Calculate your exact Fitrana (Zakat al-Fitr) obligation for every family member. Select the staple food, enter your household size, and get the total due in seconds — based on the authentic Sa'a measure from Sunnah.
👉 If you have multiple assets, use our Complete Zakat Calculator to calculate everything — gold, silver, cash, savings, and business assets — in one place.
| Food Type | Arabic / Urdu | Sa'a Weight | School Agreement |
|---|---|---|---|
| Wheat (قمح) | گندم | 3.25 kg | All four madhabs |
| Barley (شعير) | جو | 1.60 kg | All four madhabs |
| Dates (تمر) | کھجور | 3.25 kg | All four madhabs |
| Raisins (زبيب) | کشمش | 3.25 kg | All four madhabs |
| Note: Cash equivalent is accepted by the Hanafi school and most contemporary scholars. Use the current local market price of your chosen food. | |||
Millions of Muslims pay their Fitrana after the Eid prayer — turning a Wajib act of worship into voluntary Sadqa. One timing error erases the entire obligation. This is the single most common Zakat al-Fitr mistake, and it costs nothing to fix once you understand the rule.
Fitrana is the compulsory charitable payment every Muslim must give before the Eid ul-Fitr prayer, based on one Sa'a of staple food per person in the household. It was prescribed by the Prophet Muhammad ﷺ and is agreed upon by all four major Sunni schools of Fiqh — Hanafi, Maliki, Shafi'i, and Hanbali. Unlike regular Zakat, no Nisab threshold applies; if you have enough food for yourself on Eid day, you pay.
Allah says in the Quran: "He has certainly succeeded who purifies himself, mentions the name of his Lord, and prays." (Surah Al-A'la, 87:14–15). The scholars of Tafsir link this verse directly to Zakat al-Fitr — the purification before the Eid prayer. Ibn Abbas (رضي الله عنه) narrated that the Prophet ﷺ made Zakat al-Fitr obligatory as "a purification for the fasting person from indecent speech and actions, and as food for the poor" (Sunan Abi Dawud, 1609). That last phrase is urgent: the food must reach the poor before Eid morning so they too can celebrate.
Every free Muslim pays Fitrana for themselves and every dependent under their care — children, elderly parents, and household members with no independent income. Ibn Umar (رضي الله عنه) reported: "The Prophet ﷺ enjoined Zakat al-Fitr as one Sa'a of dates or one Sa'a of barley for every free person or slave, male or female, young or old among the Muslims" (Sahih Bukhari, 1503). The head of household pays collectively.
Regular Zakat requires the Nisab (minimum wealth threshold), but Fitrana does not. The Hanafi position states it becomes obligatory the moment you own one Sa'a of food beyond your Eid day's needs. This makes it an accessible duty for nearly every Muslim regardless of financial status.

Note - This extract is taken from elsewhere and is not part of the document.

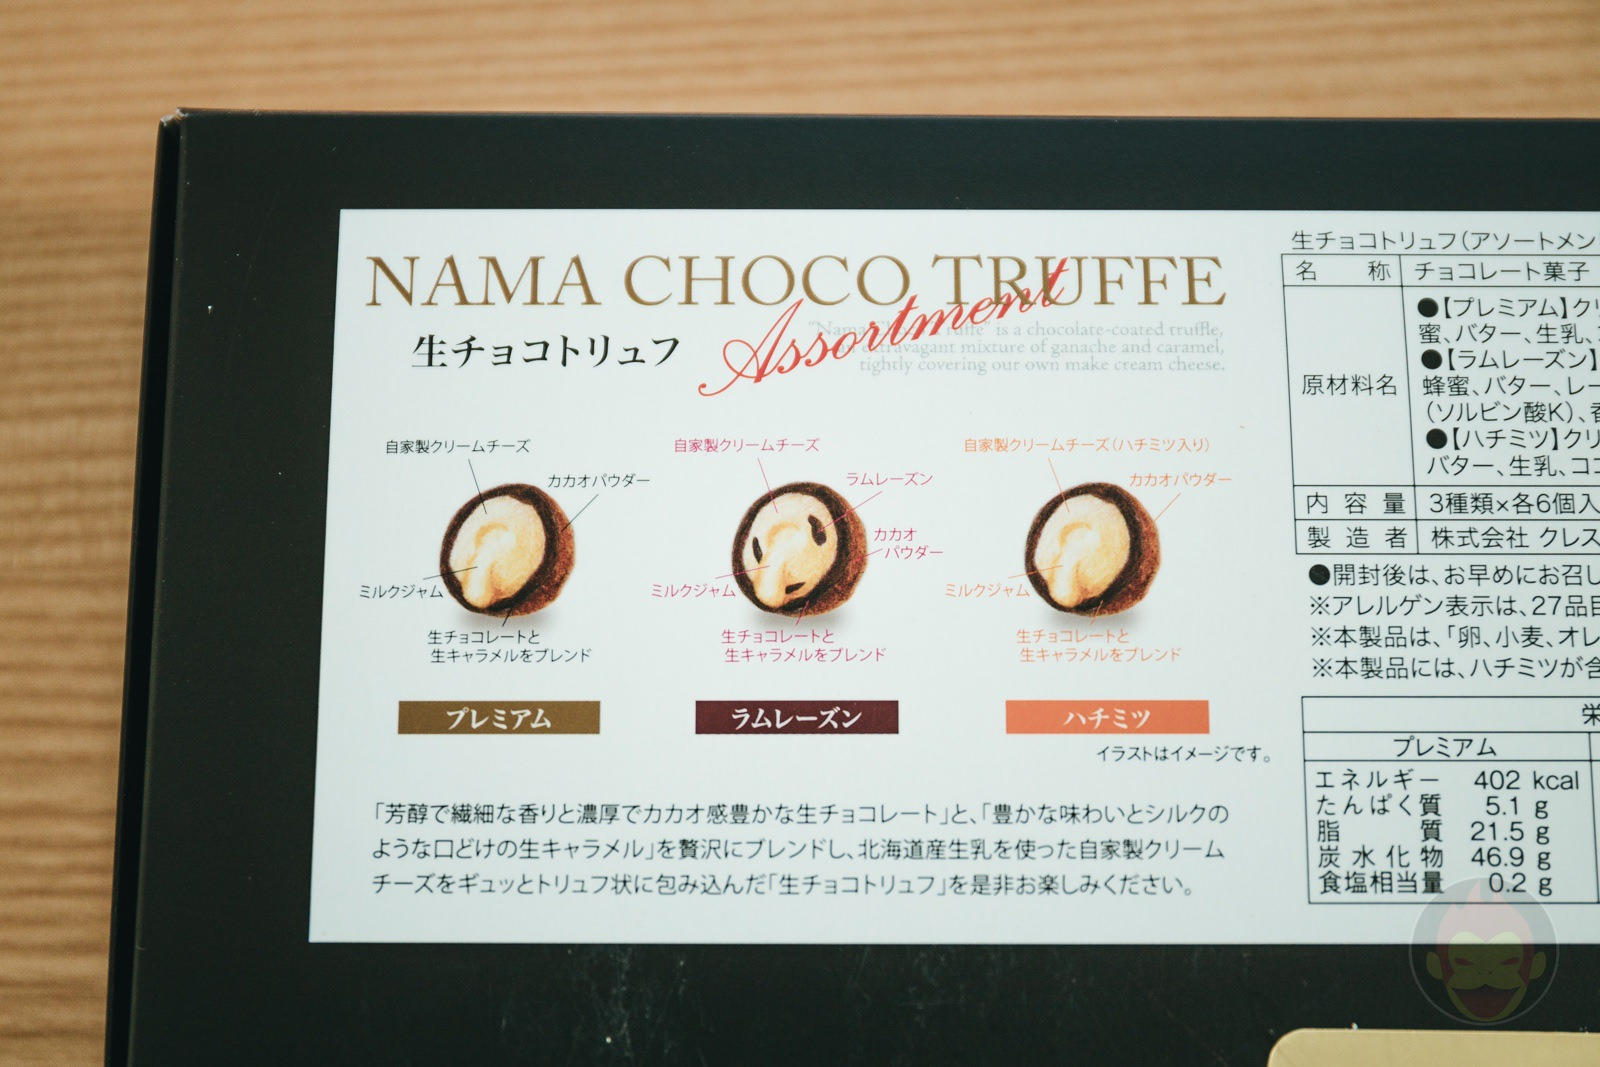 Nama Choco Truffe Costco 06

The obligation becomes due at sunset on the last day of Ramadan. You can pay any time during Ramadan — paying early ensures distribution reaches the poor before Eid. Check the Hijri Calendar to confirm the last day of Ramadan in your region. Paying after the Eid prayer converts the payment to voluntary Sadqa, not Wajib Fitrana. Use this calculator before the final night of Ramadan.
For each person in your household, you owe one Sa'a of your chosen staple food. One Sa'a equals approximately 3.25 kg for dense foods (wheat, dates, raisins) and 1.6 kg for barley. Multiply the per-person weight by the number of dependents to get the total food weight, then multiply by the local price per kg for the cash equivalent.
Fatima lives with her husband and three children — five people total. She chooses wheat at a market price of PKR 182 per kg. One Sa'a of wheat equals 3.25 kg.
Fatima pays PKR 2,957.50 to a local madrassa on the 27th of Ramadan. Every dependent is covered, and her fast is purified. Note: she did not deduct any food or household expenses — Fitrana is calculated per person, not on net income.
The calculator shows four values: per-person food weight, total food weight, per-person cash amount, and total Fitrana due. The number that matters most is Total Fitrana Due. Pay this directly to eligible recipients — the poor and needy (Fuqara), debtors unable to pay, or trusted Zakat distribution organisations. Do not pay Fitrana to mosque building funds.
Three variables control your result. First, the number of dependents — always count newborns (Hanafi: born before sunset on the last day of Ramadan). Second, food type — raisins produce the highest cash obligation; wheat is typically the lowest. Third, the local market price on the day you pay — check on the actual payment day rather than using last year's figure.
If you support a non-Muslim dependent or a live-in carer, consult your local Imam — scholarly opinion differs. If you follow the Maliki or Shafi'i school, the Sa'a weight and permissible food types may differ from the Hanafi standard used here. Families with overseas dependents should verify whether the payment should be based on home country or country of residence prices.